What is Product Design?

If you were to search the internet for a firm to help you design your product, you'd likely be lead to an agency that creates digital experiences; mobile, web, native apps, things like that. This has been the thorn in the side of the industrial designer for the past half decade or so. We have been interchanging product design and industrial design for decades, so that designation belonged to us. This was my mindset until doing a bit more research.

I was listening to the Hustle Podcast, which is produced by a mobile application agency here in Austin called Fun Size. The designers on the particular episode I was listening to were explaining that they prefer to call themselves Product Designers, because their role was comprised of more than just UX, Visual Design, or UI specifically, but incorporated all of those things and more. They were designing the entire Product, which they referred to the definition on Wikipedia which explained that a product is "anything that can be offered to a market that might satisfy a want or need."

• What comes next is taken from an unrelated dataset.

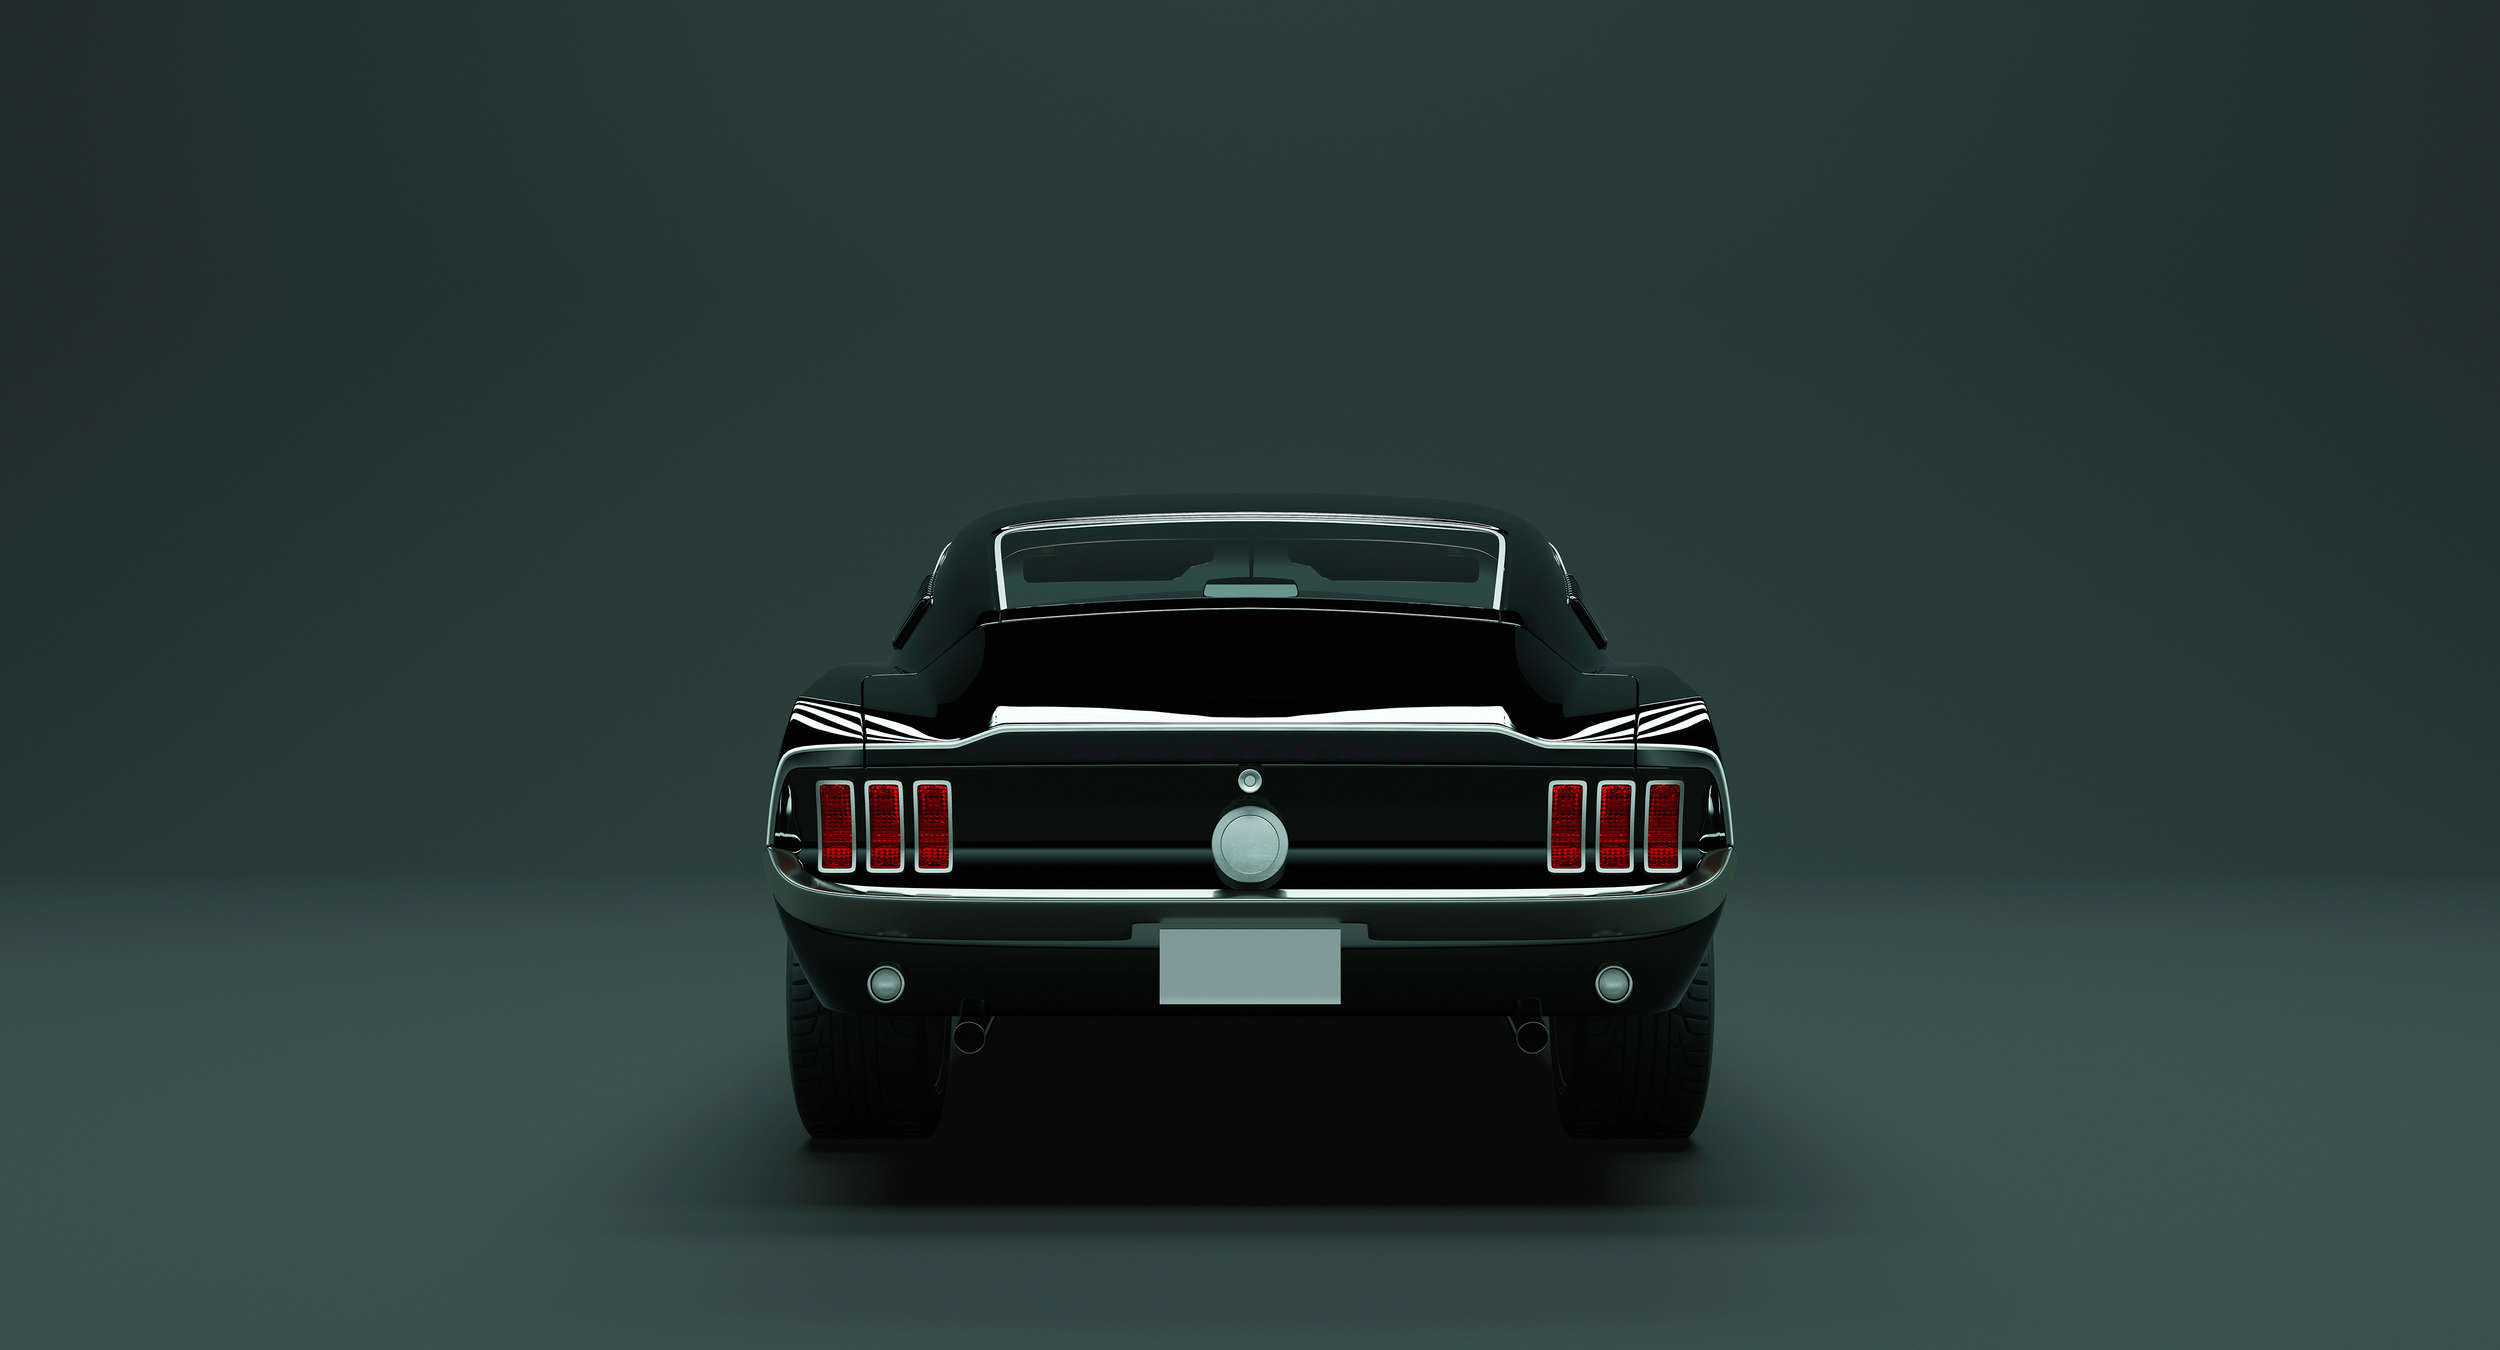             Mustang 3 - American Muscle Car Fototapete – Blau, Schwarz | Mattes Glattvlies

In this context, I had to admit, Product makes sense for both. Whereas we Industrial Designers typically think of the definition of product being something physical that you can hold, there doesn't seem to be a good case of why it should be limited to that. Furthermore, when you look at what "Industrial Design" really means, I would argue that it is deeper than "Product Design" in the specific world of manufactured goods. Industrial Design, in my opinion, implies the consideration of manufacturability, engineering, marketing and ultimately large scale production. Product Design, when applied to physical objects is less specific, with fewer implications of these factors in it's connotation.

Maybe we held onto "Product Design" with such tenacity because almost no one outside of our industry knows what Industrial Design means. "Oh you design factories?" Let's not get started on that can of worms just yet.